2019-04-24 08:38:22,862 INFO org.apache.hadoop.hdfs.server.namenode.NNUpgradeUtil: Starting upgrade of storage directory /var/lib/hadoop-hdfs/cache/hdfs/dfs/name
2019-04-24 08:38:31,398 INFO org.apache.hadoop.hdfs.server.namenode.NNUpgradeUtil: Performing upgrade of storage directory /var/lib/hadoop-hdfs/cache/hdfs/dfs/name
/etc/init.d/hadoop-hdfs-namenode status ## should be running
## at this point one can check the upgrade progress on web interface. It's possible to use a port to maintain stable connection over long period of time. On terminal:
ssh -L localhost:8000:hepcms-namenode.privnet:50070 kakw@hepcms-hn.umd.edu
## check on browser: http://localhost:8000/dfshealth.html
# upgrade datanode
yum --enablerepo=osg-upcoming update hadoop-hdfs-datanode hadoop
/etc/init.d/hadoop-hdfs-datanode start
## when all datanode are up and webpage show 99.99%+ blocks found, then
hdfs dfsadmin -safemode get
## should give: Safe mode is OFF
## At this point, hadoop is writable. Redo health checks one did before the update, such as:
hdfs fsck / | egrep -v '^\.+$' | grep -v replica| sed '/^$/d'
# There should be no increase of corrupted blocks
## On nodes with hadoop mounted, you need to upgrade the hdfs-fuse-client
## You don't need to run the rpm command if you don't need to upgrade the node to osg 3.4
## on gridftp and se, restart gridftp service/ cmsd/ xrootd service after upgrade
## It's a good idea to diff "service --status-all" before and after upgrades since we cannot tell what is turned off or crashes in the process
yum --enablerepo=osg-upcoming update hadoop-client hadoop
## on all nodes with hadoop mounted, do:
mount /mnt/hadoop
## and confirm that the mount is accessible
## similarly, for secondary namenode:
yum --enablerepo=osg-upcoming update hadoop-hdfs-secondarynamenode hadoop
/etc/init.d/hadoop-hdfs-secondarynamenode start
# check log to see that it is running. This is the least important of all node and last to be updated
Finish Upgrade
1. Once every system is found to work with the upgraded system. One has to finalize update, thus completing the upgrade process. (This is not done yet as of 2 May 2019) The command is:
hdfs dfsadmin -finalizeUpgrade
2. On datanodes, the upgrade process moves data block to previous/ directories and makes hard link between it and current/ directory:
/hadoop2/data/current/BP-953065178-10.1.0.16-1445909897155/current/finalized/
/hadoop2/data/current/BP-953065178-10.1.0.16-1445909897155/previous/finalized/
3. data blocks in previous/ directory are frozen until finalize deletes them. If the upgrade is unsuccessful, blocks in previous/ directory can be used to restore the datanode to pre-upgrade state
4. This also means that no new space can be freed until finalize command is run, and hadoop balance will not be effective either
Debugging
A. Crashed datanode upgrade
1. datanode restart was not completely successful but didn't crash. The service remains in running state, but blocks are reported missing. Log reported memory overflow issues.

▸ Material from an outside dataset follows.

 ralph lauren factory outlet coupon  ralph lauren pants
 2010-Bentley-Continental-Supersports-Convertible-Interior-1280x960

2. Check that previous.tmp/ exists, if migration completes, these will be renamed previous/
ls -d /hadoop*/data/current/BP-953065178-10.1.0.16-1445909897155/previous.tmp"

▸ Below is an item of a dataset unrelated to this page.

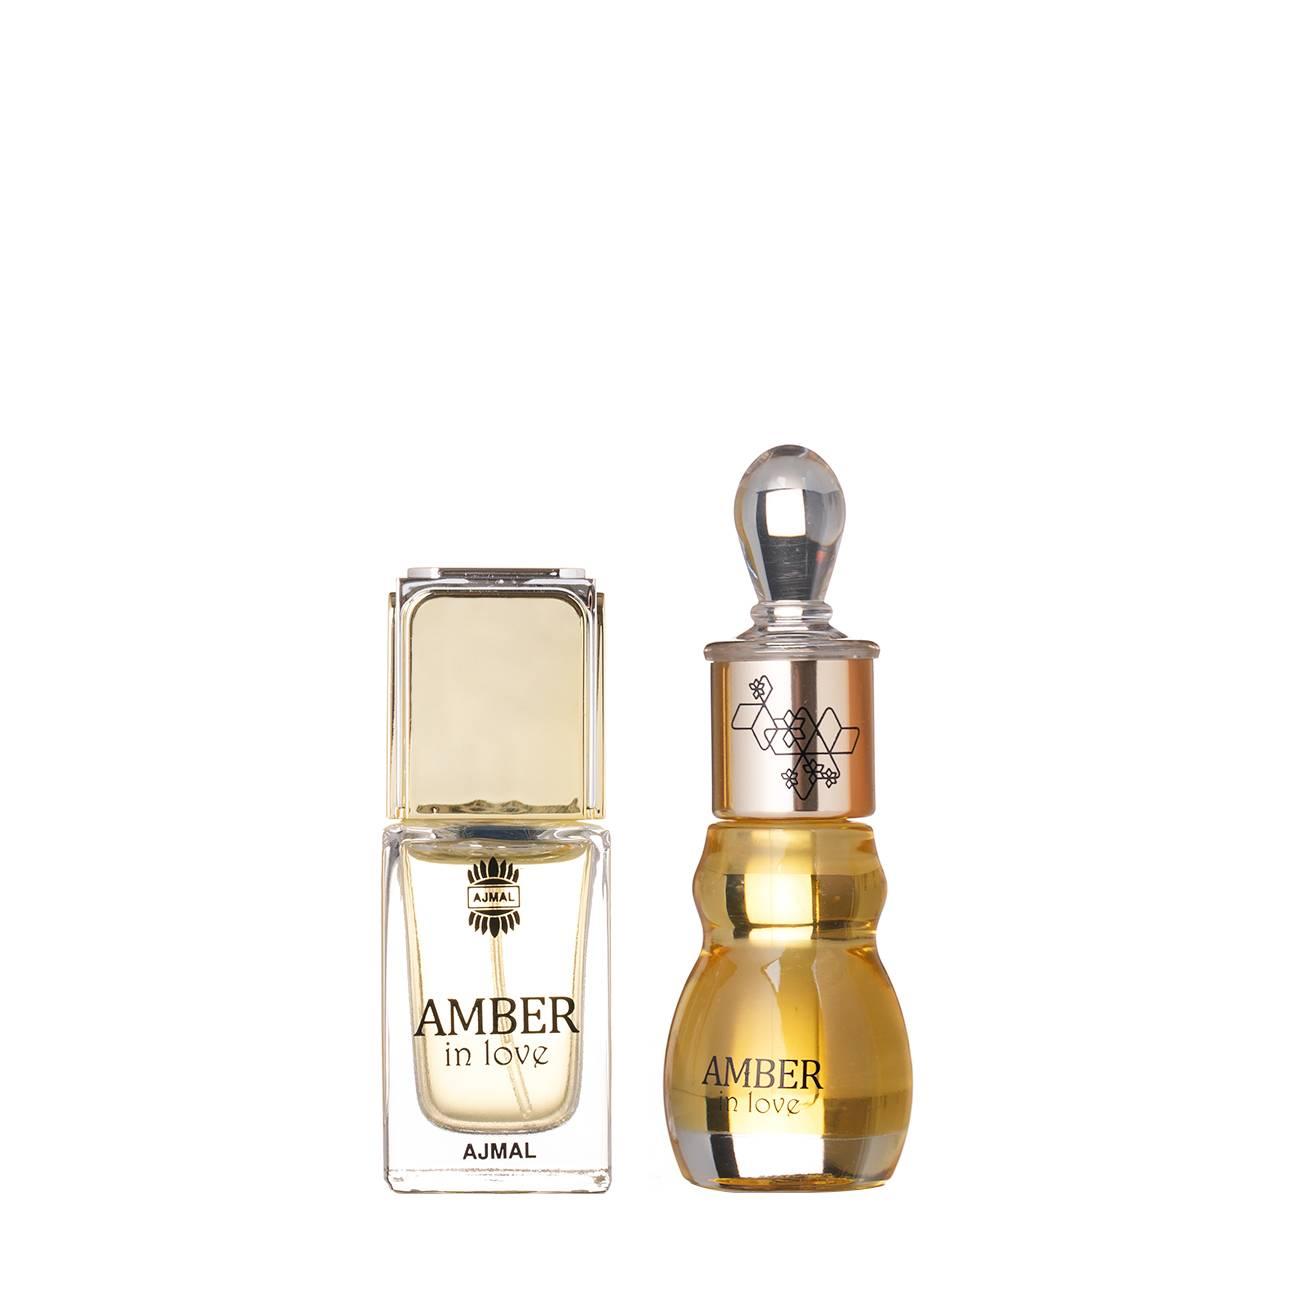 AMBER IN LOVE imagine produs

3. solution is to simply restart datanode in that case, it will pick up from where it left off
B.
##### in case a node is too full (dangerous operation) ######
1. datanode service fails
2. one has to move away a few blocks (two full-sized blocks ~ 256MB will suffice for each full disk)
3. the subdirectory structure needs to be preserved, in case one needs to restore the blocks (hopefully this won't be necessary due to replication factor)
4. the block and the metadata need to move in unison, e.g.:
-rw-r--r-- 1 hdfs users 128M Jan 31 2015 /hadoop2/data/current/blk_-121168754068712736
-rw-r--r-- 1 hdfs users 129K Jan 31 2015 /hadoop2/data/current/blk_-121168754068712736_3879327.meta
references:
http://gbif.blogspot.com/2015/05/dont-fill-your-hdfs-disks-upgrading-to.html
https://hadoopsters.net/2017/05/11/dont-just-plug-that-disk-in/
## example: compute-0-6
# make directory
mkdir -p /data/backup/hadoopconfig20190419/compute-0-6/hadoop1/data/current/BP-953065178-10.1.0.16-1445909897155/current/finalized/subdir0/
## nothing is done at this step; just confirming what one wants to do. The three commands are the same except --dry-run and --remove-source-files options
rsync -aiv /hadoop1/data/current/BP-953065178-10.1.0.16-1445909897155/current/finalized/subdir0/ /data/backup/hadoopconfig20190419/compute-0-6/hadoop1/data/current/BP-953065178-10.1.0.16-1445909897155/current/finalized/subdir0/ --dry-run
## data is copied over (only step that takes time)
rsync -aiv /hadoop1/data/current/BP-953065178-10.1.0.16-1445909897155/current/finalized/subdir0/ /data/backup/hadoopconfig20190419/compute-0-6/hadoop1/data/current/BP-953065178-10.1.0.16-1445909897155/current/finalized/subdir0/
## remove source file (effectively confirm that)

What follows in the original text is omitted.